WHAT IS NEEDED: Copy the data that follows exactly. Include no pictures.

THE DATA:
___

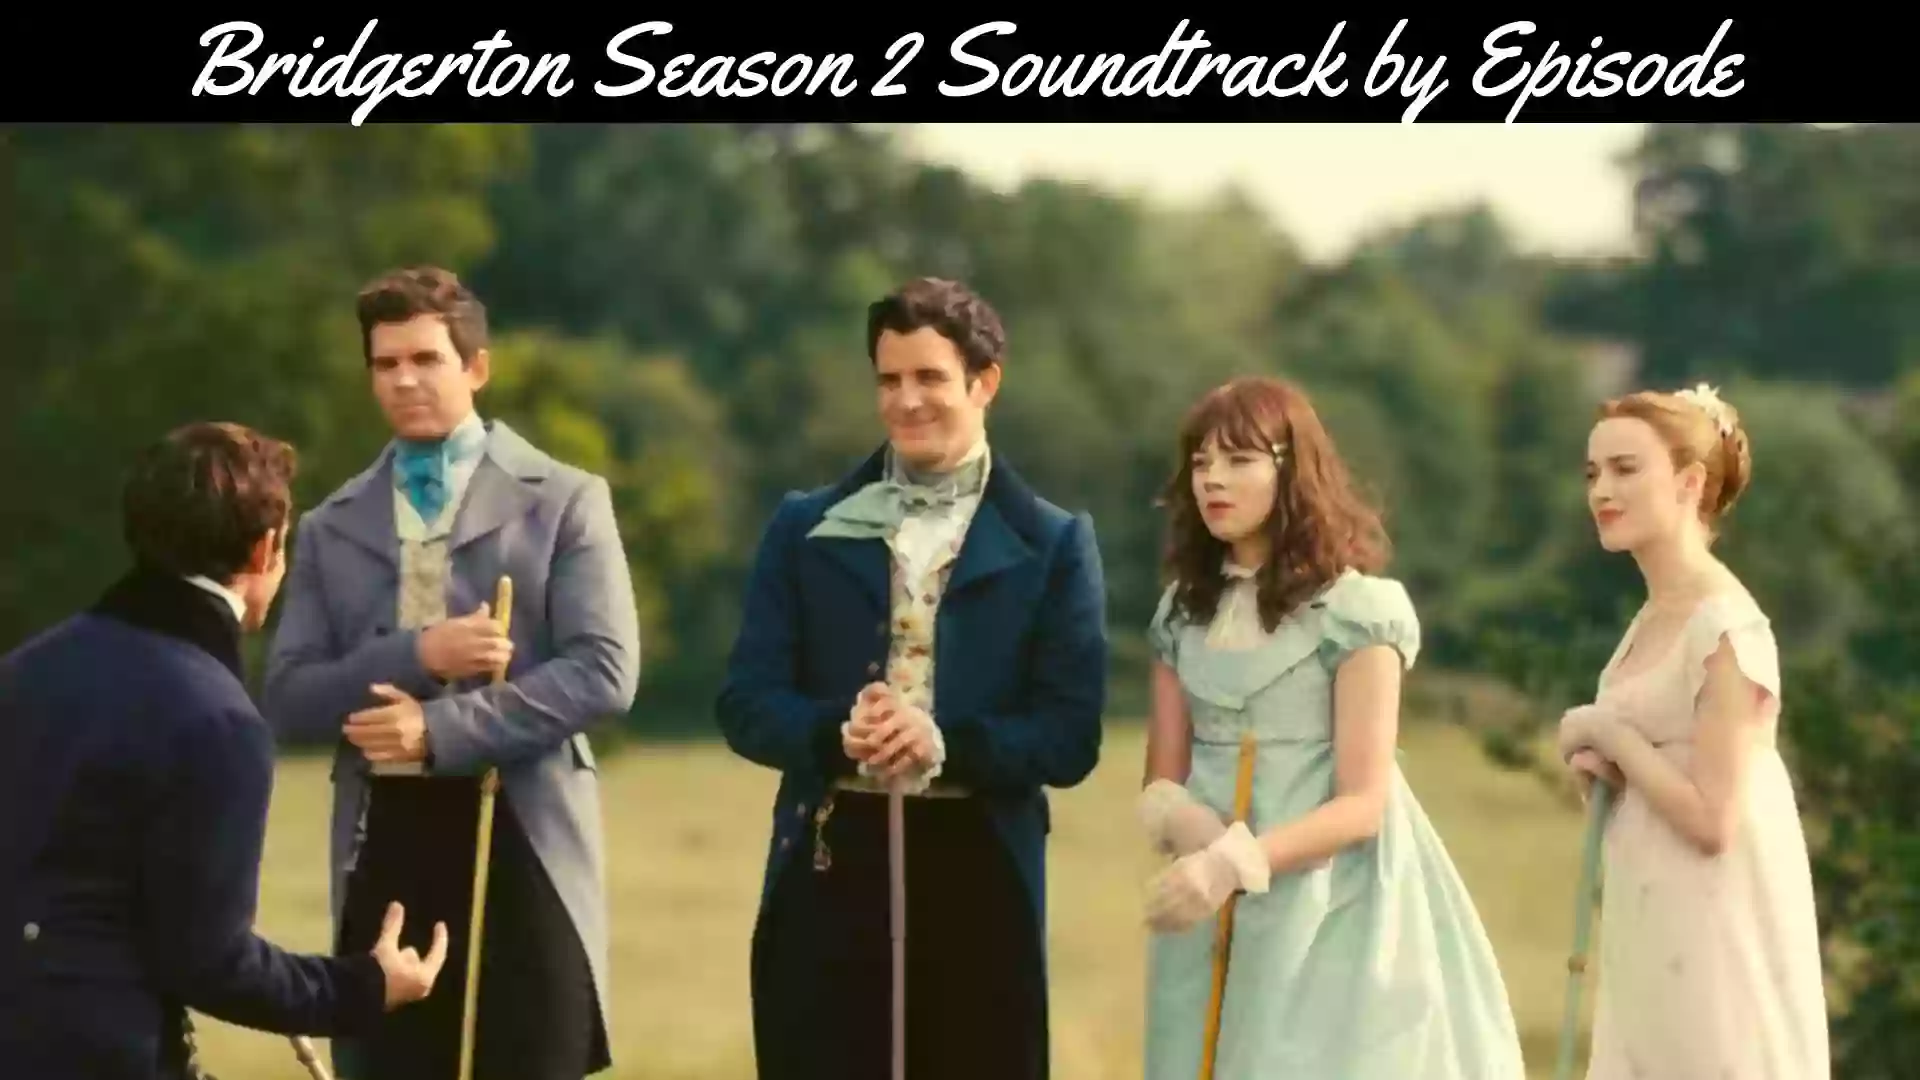 Bridgerton Season 2 Soundtrack by Episode
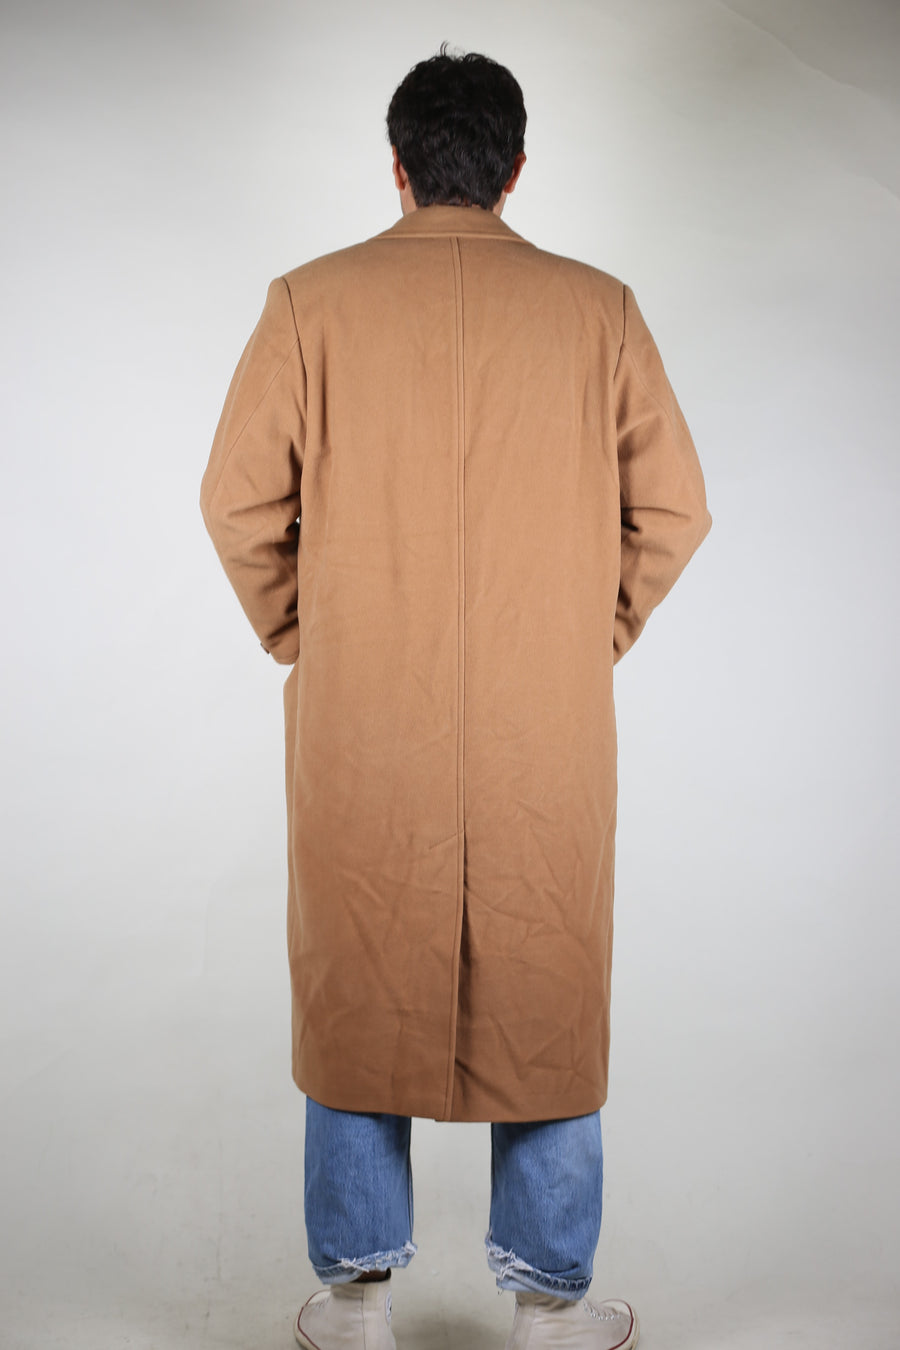 Missoni vintage camel single-breasted coat - XL -
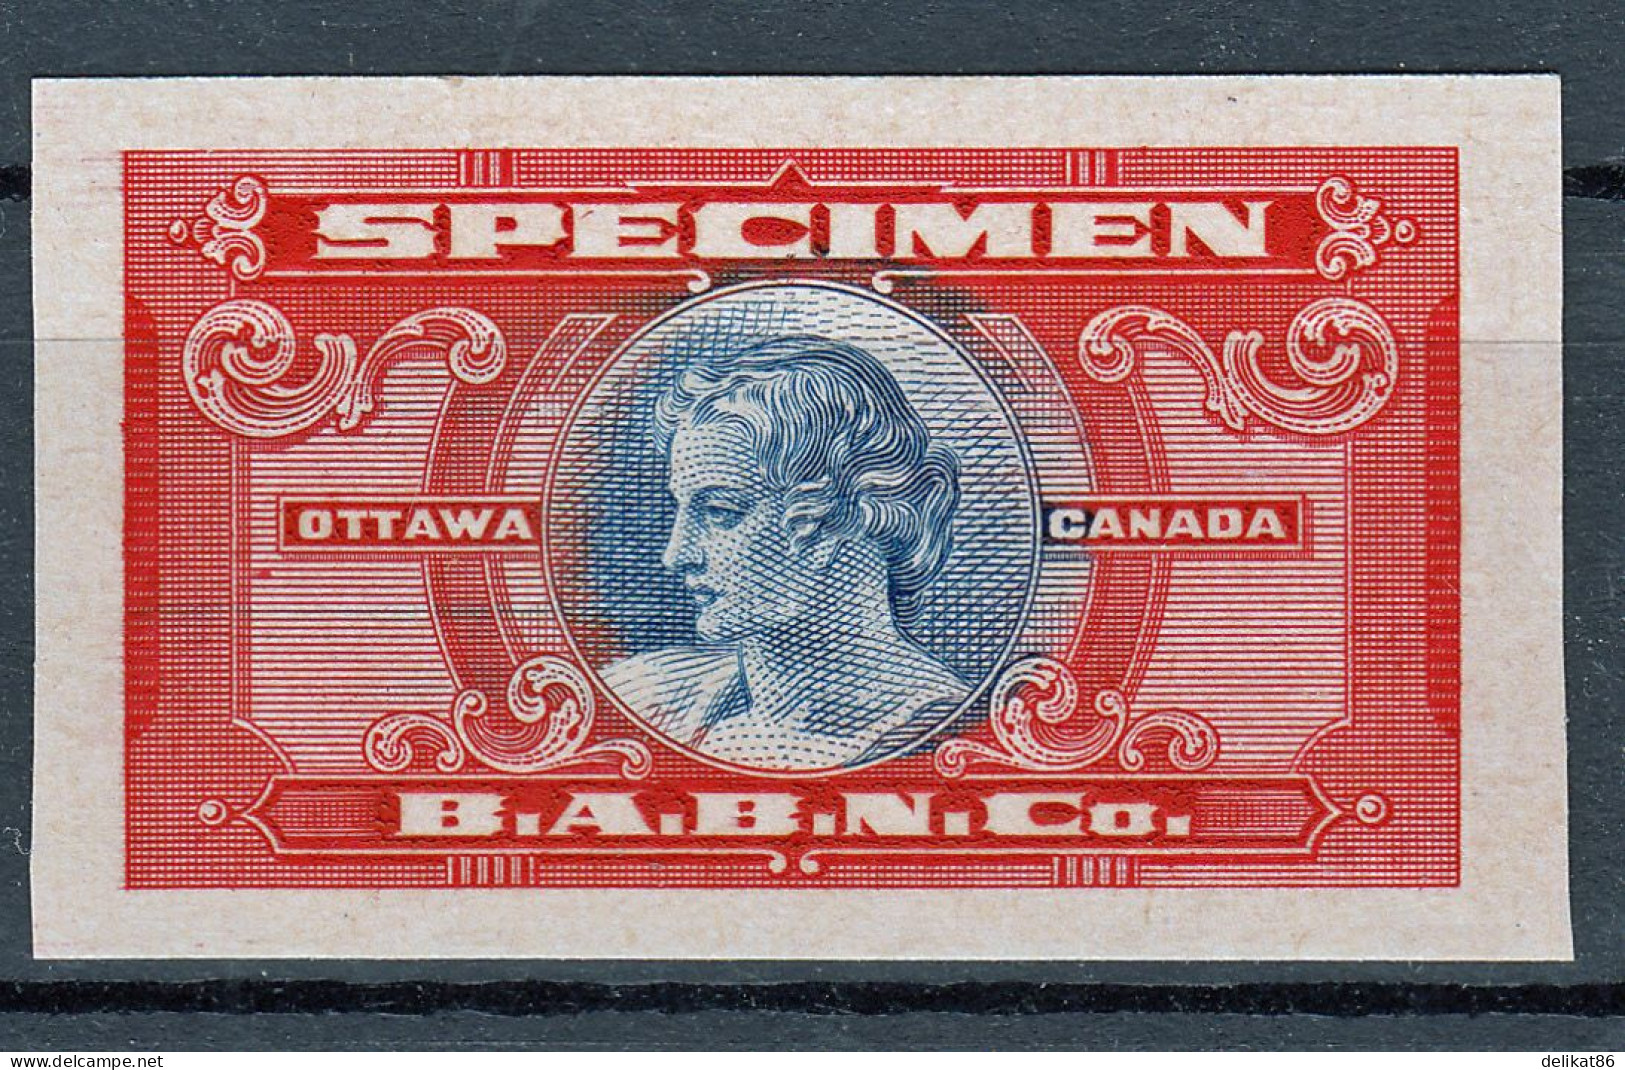 Probedruck, Test-Stamp, Specimen B.A.B.N.Co-Ottawa Kanada 1935 - Proofs & Reprints

___

RESPONSE AREA:
 Bridgerton Season 2 Soundtrack by Episode
 Missoni vintage camel single-breasted coat - XL -
 Probedruck, Test-Stamp, Specimen B.A.B.N.Co-Ottawa Kanada 1935 - Proofs & Reprints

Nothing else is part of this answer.